I'm definitely missing something

fiona · Dec 2, 2021

tlex said:
kdump-config load Cannot change symbolic links when kdump is loaded ... failed!

Please try to:
1. kdump-config unload
2. add the setting KDUMP_INITRD=/var/lib/kdump/initrd.img (if it's not there already).
3. kdump-config load.

tlex · Dec 2, 2021

Fabian_E said:
Please try to:
1. kdump-config unload
2. add the setting KDUMP_INITRD=/var/lib/kdump/initrd.img (if it's not there already).
3. kdump-config load.

after adding KDUMP_INITRD=/var/lib/kdump/initrd.img
and running kdump-config load
I got :

kdump-config load
Creating symlink /var/lib/kdump/vmlinuz.
kdump-tools: Generating /var/lib/kdump/initrd.img-5.13.19-1-pve
mkinitramfs: failed to determine device for /
mkinitramfs: workaround is MODULES=most, check:
grep -r MODULES /var/lib/kdump/initramfs-tools
Error please report bug on initramfs-tools
Include the output of 'mount' and 'cat /proc/mounts'
update-initramfs: failed for /var/lib/kdump/initrd.img-5.13.19-1-pve with 1.
Creating symlink /var/lib/kdump/initrd.img.
Invalid symlink : /var/lib/kdump/initrd.img ... failed!
Creating symlink /var/lib/kdump/initrd.img.
/etc/default/kdump-tools: KDUMP_INITRD does not exist: /var/lib/kdump/initrd.img ... failed!

kdump-config status
Invalid symlink : /var/lib/kdump/initrd.img ... failed!
current state   : Not ready to kdump

fiona · Dec 3, 2021

EDIT3: Better, less invasive work-around.
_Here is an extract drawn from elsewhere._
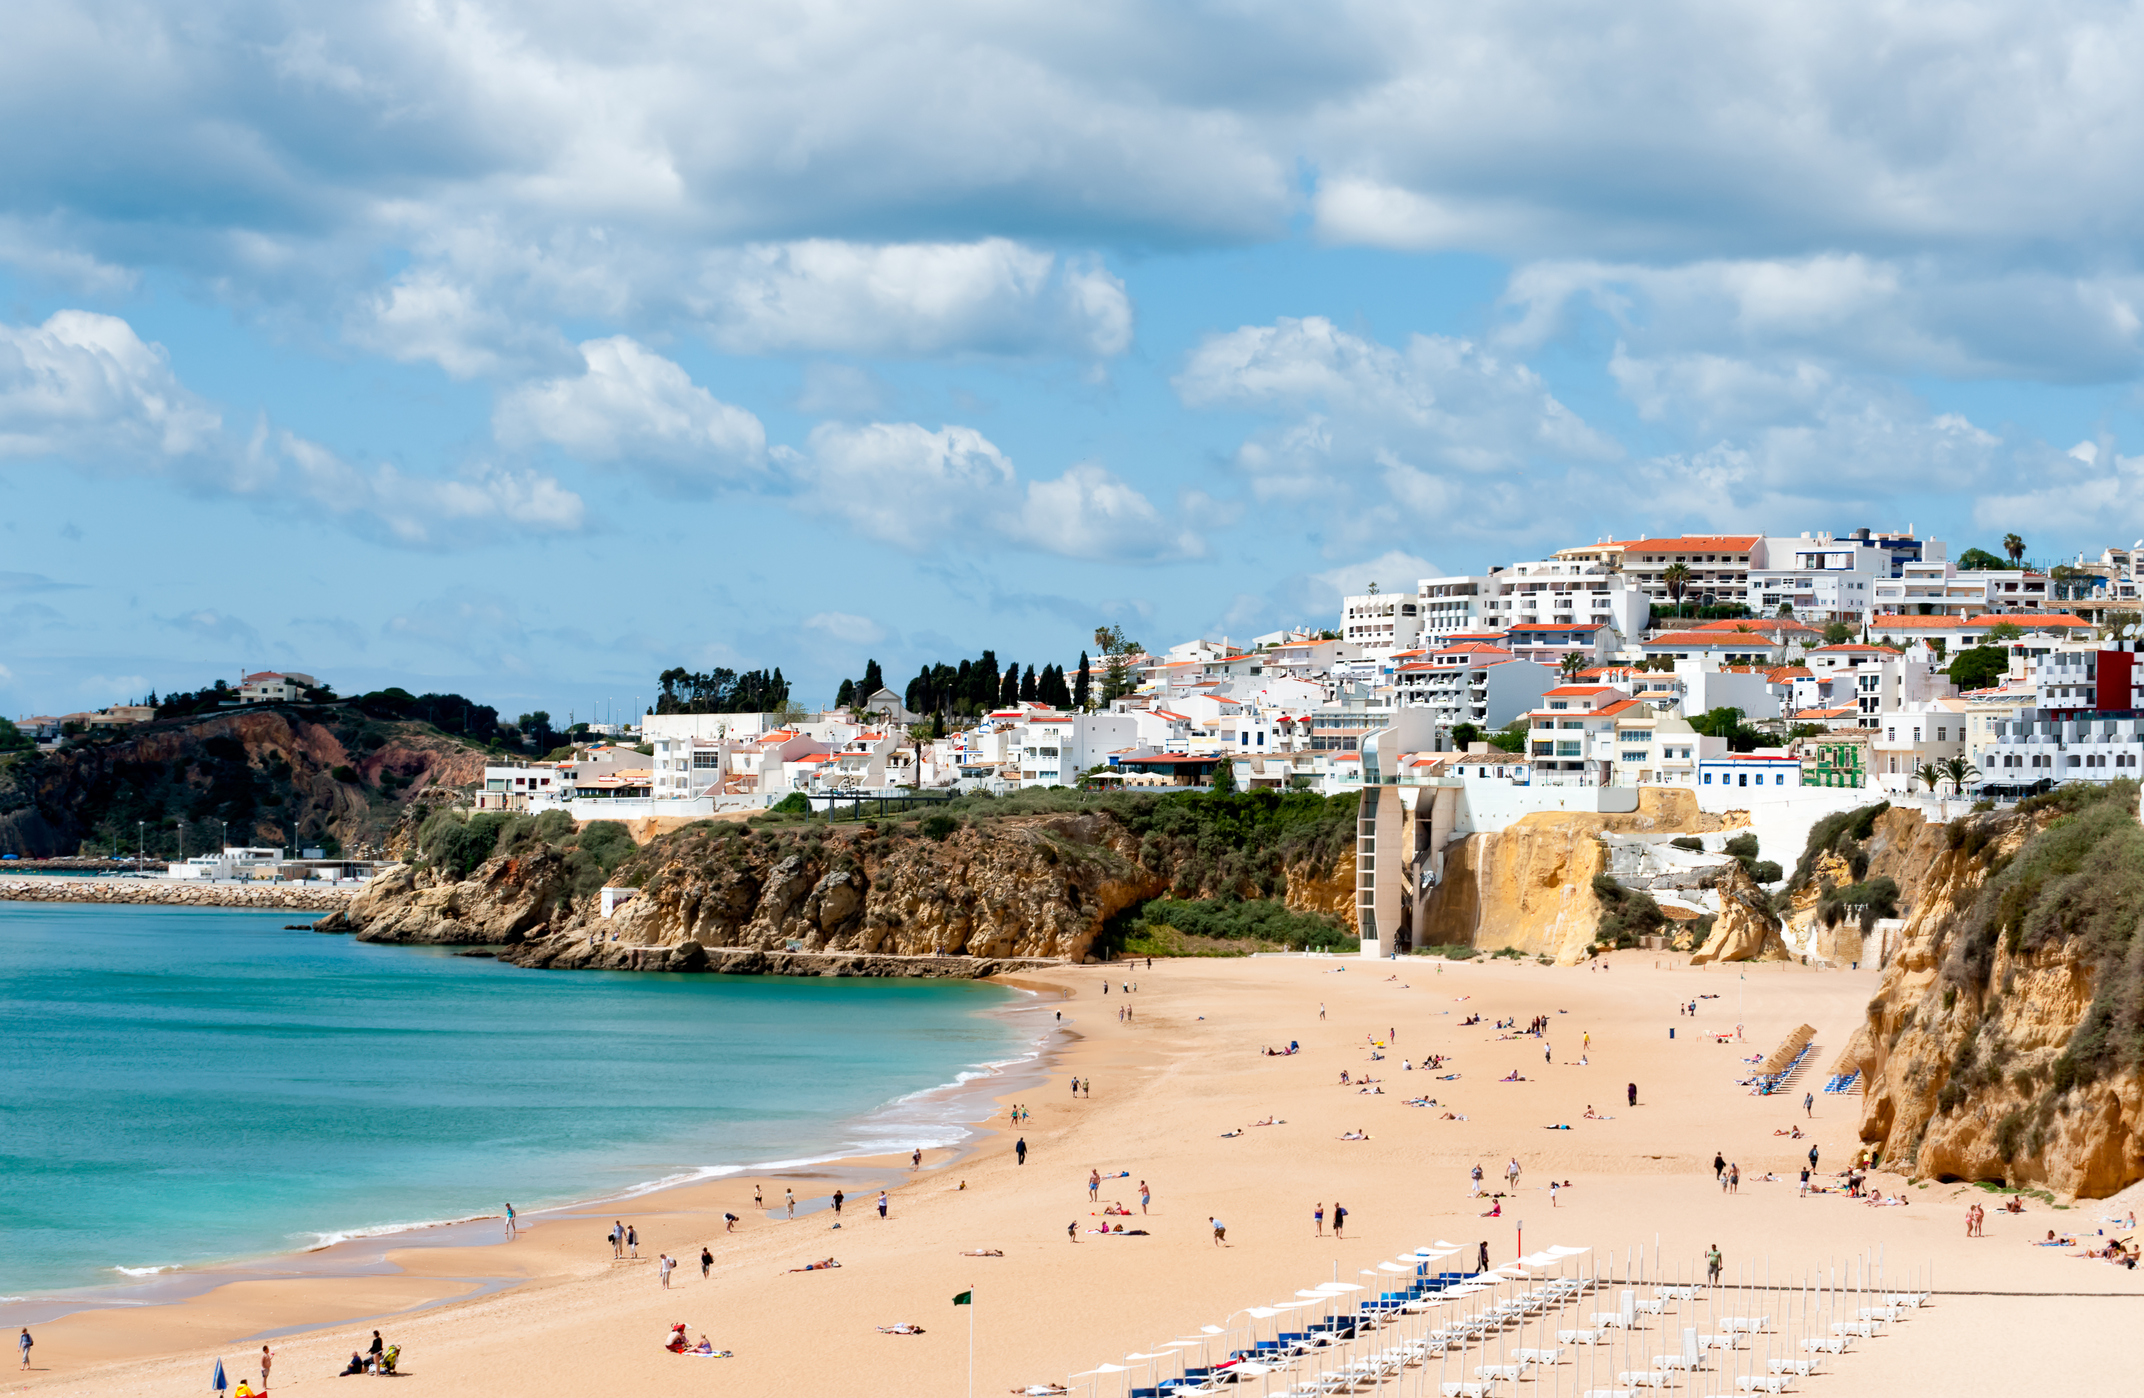 Пляж Castelo в Албуфейре, Португалия

This indeed seems to be a bug with mkinitramfs not finding the correct modules it needs to load for ZFS. This seems to be a workaround, i.e. add MODULES=most to /usr/share/initramfs-tools/conf-hooks.d/zfs.

EDIT2: I had to increase the memory for the crashkernel to 512M (and issue proxmox-boot-tool refresh and reboot), or it wouldn't succeed after a panic.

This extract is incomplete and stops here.